What you will do: Beginning with the line that contains "Abdul Qadir on", restate each line below through the final one exactly, and exclude the pictures.

Available data:
+ + + + + + +

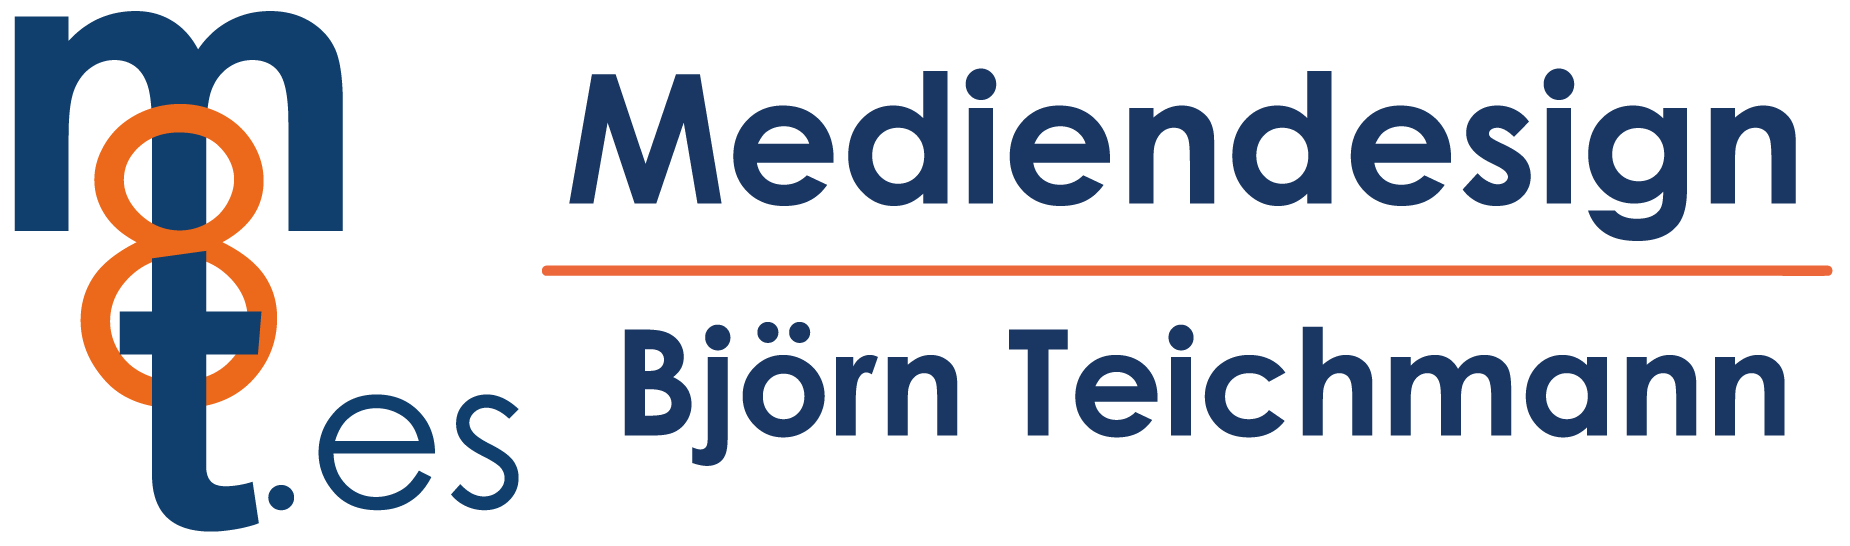 Logo_Mediendesign_Bjoern_Teichmann
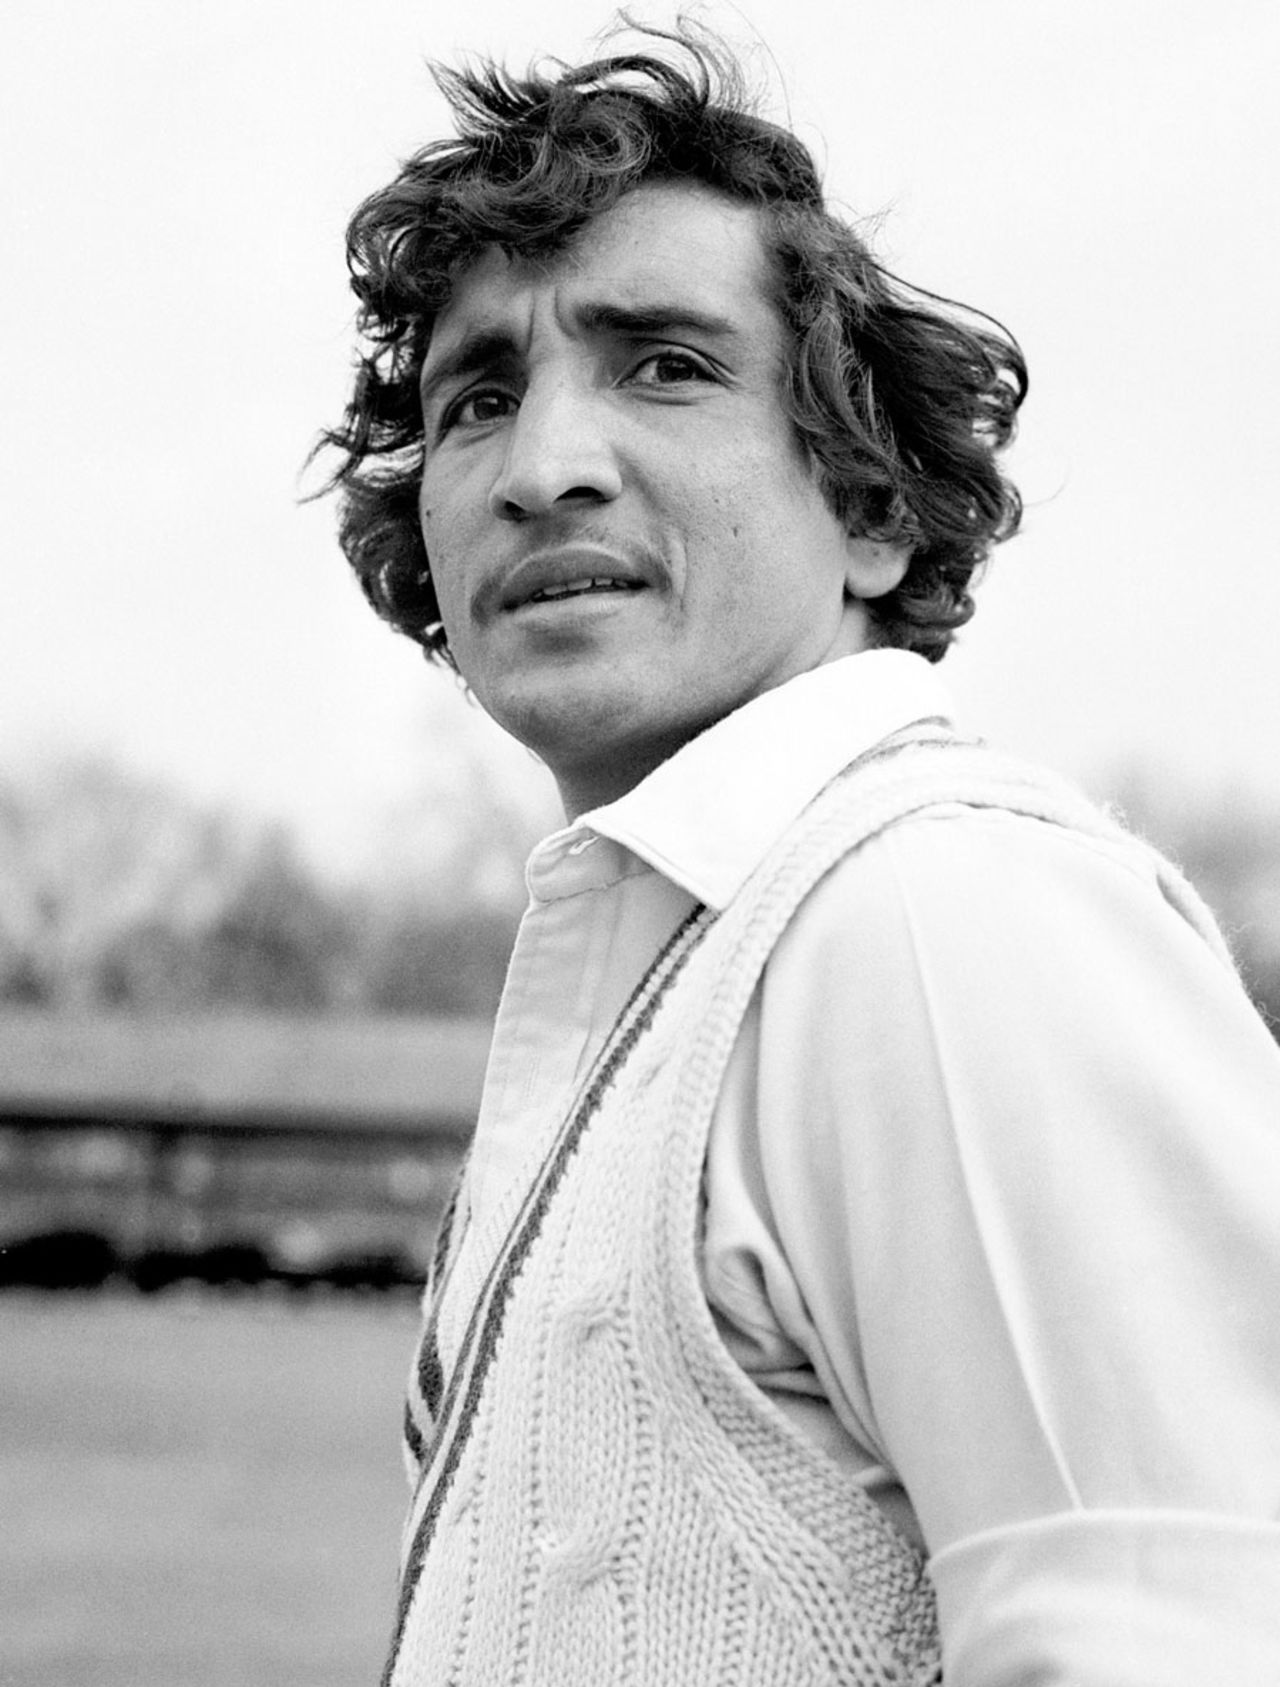 Abdul Qadir on Pakistan's tour of England, April 17, 1978
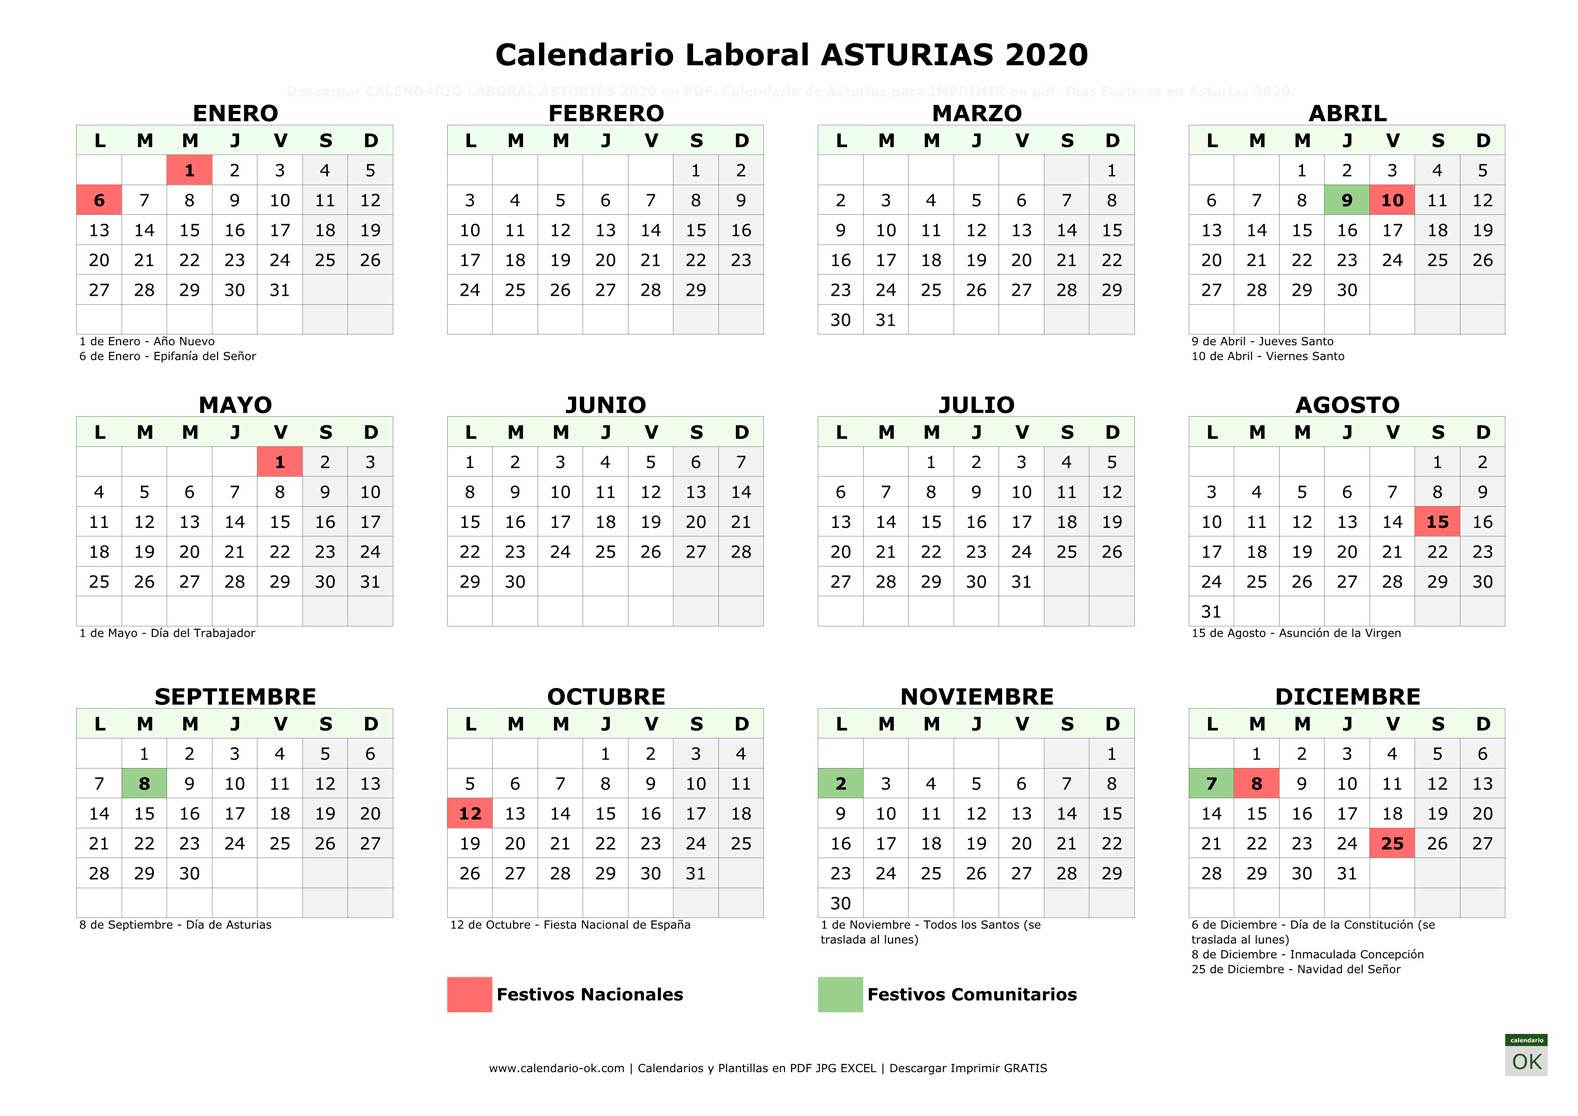 Calendario Laboral ASTURIAS 2020 horizontal

+ + + + + + +

Solution for this task:
 Abdul Qadir on Pakistan's tour of England, April 17, 1978
 Calendario Laboral ASTURIAS 2020 horizontal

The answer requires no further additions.